Примерно в начале двадцатого века почти единое русло эмпиризма-рационализма расщепилось на два мощных рукава. Один из них через Гуссерля, Уайтхеда и Хайдеггера привел всех страждущих великих откровений к континентальной традиции. Другой через Фреге, Рассела и Витгенштейна – к аналитической, которую мы, собственно, (почти исключительно) и изучаем. Для нее были характерны две идеи – логикой-грамматикой войти в доверие к респектабельной математике, а также взять на себя функции таможенника на границе промеж ортодоксальной наукой и всей прочей (прежде всего эзотерической) мишурой. К последней поначалу (логические позитивисты) причислили и метафизику с этикой. Эта экстремистская модель не выдержала испытания временем, а вот за углом нового т.н. «лингвистического поворота» несметные полчища студентов и выпускников философских факультетов университетов маршируют и по сей день. Задача философии в том, чтобы фонарем разума просветить темные закоулки наших языковых конструкций – вот его основное кредо. Заодно теплится надежда прорваться через синтаксис к сокровенной семантике. Ведь нам как-то удается при помощи первой выразить тонкости последней. Этот подход (в том числе) породил ряд содержательных (и не очень) теорий смысла и истины, для которых мы обязательно найдем место в программе передач БГБ (вероятно, уже в следующем учебном году). Он же привел к другой программе всеобщего просвещения — составлению формальных описаний сложных (и не очень) понятий. Не вполне тех малосодержательных и многословных, которыми наполняли свои толстые бока советские философские энциклопедические словари. Предполагалось, что для любого термина возможно составить обозримый по объему перечень логических критериев, каждый из которых по отдельности был бы необходимым условием истинности искомого определения, а все они вместе (в конъюнкции) — достаточным. Каждую науку прежде всего должен интересовать тот основной предмет, которым она занимается. Для эпистемологии (теории знаний) это, безусловно, знания. Так что же это такое?!

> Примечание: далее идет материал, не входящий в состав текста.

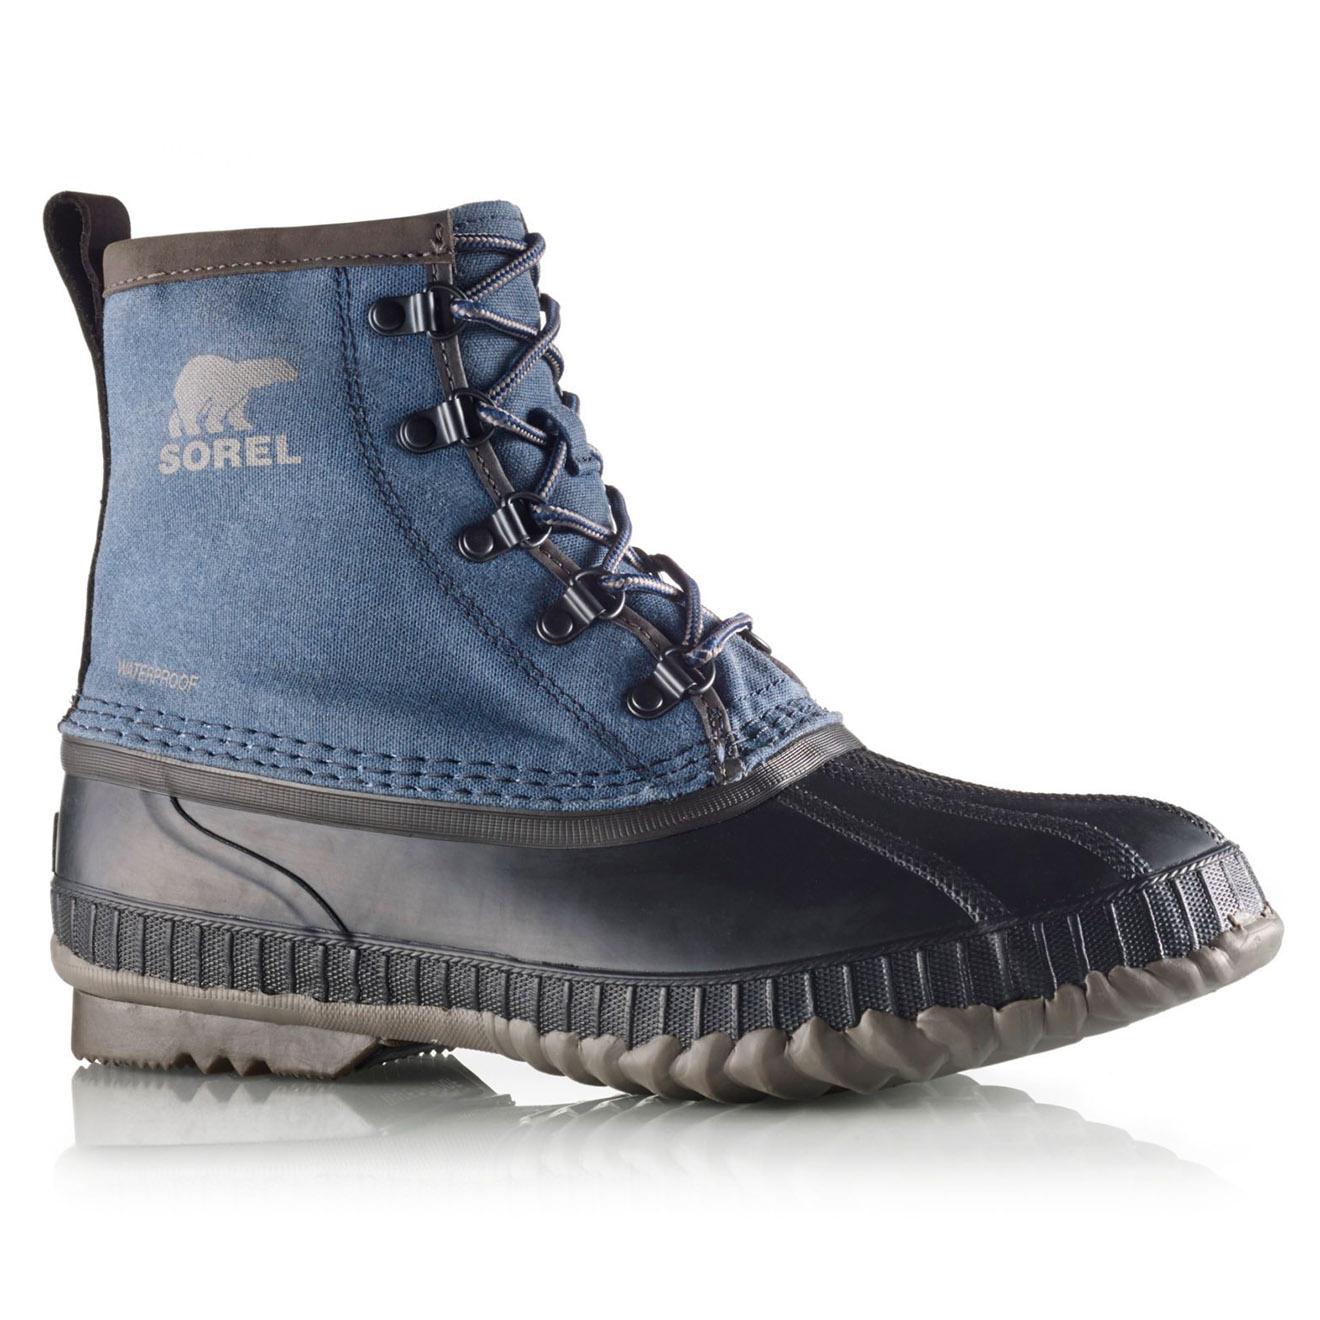 Boots de pluie imperméables Cheyanne II Short CVS bleu jean/noir - Sorel - Modalova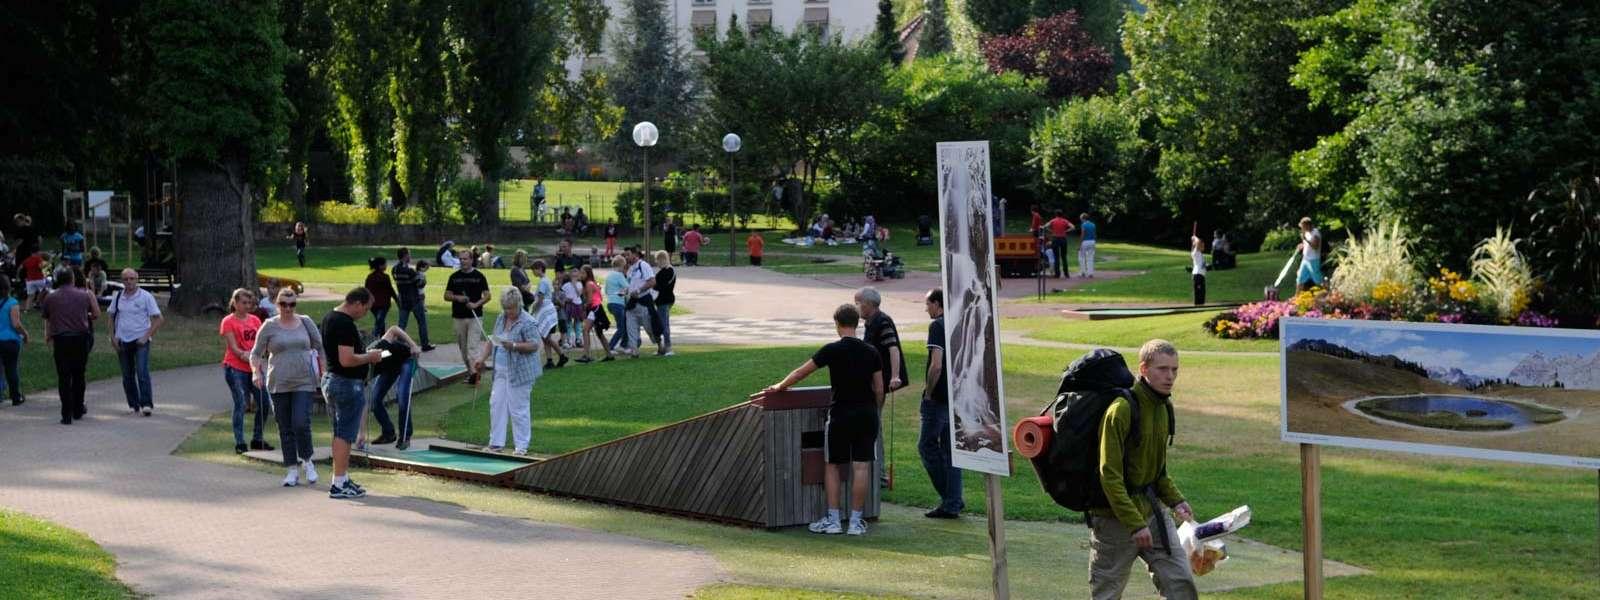 Golf sur piste, Niederbronn-les-Bains, Alsace

Примечательно, что именно подобного рода вопросами задавался героический праотец философии (т.е., пожалуй, и всей науки) Сократ. Он, как Вы помните, тоже не жаловал излишнее увлечение своих предшественников метафизическими вопросами (о первоосновах всего сущего). Вместо этого пропагандировал решительно повернуться лицом к народу, к его чаяниям, т.е. к этике и политике. На практике это вылилось в то, что он слонялся по Афинам и в характерной манере задавал занятым людям неудобные вопросы из категории вечных. Что такое справедливость?! Что такое добродетель?! Что есть благо?! Вопросом же «Что такое знание?» (если верить Платону) он озадачил в одноименном диалоге юношу по имени Теэтет. Тот был ему представлен как способный студент на поприще геометрии. Сократ сократил за ненужностью ложную деликатность, и в своей неподражаемой манере немедленно взял молодого в оборот, по-отечески посоветовав: «Дивись, сынку!» Ибо именно с удивления окружающим, самым обыденным, миром начиналась, по его мнению, философия. Это чувство должно быть было запечатлено на его некрасивом лице уже когда он родился. Сам будучи сыном акушерки, теперь он (по собственному мнению) стал совершенно бесплодным, помогая другим в муках рожать истину. Пришлось Теэтету (кстати, тоже курносому и тоже с выпуклыми глазами), несмотря на свой нежный возраст, немедленно приняться за нелегкое дело.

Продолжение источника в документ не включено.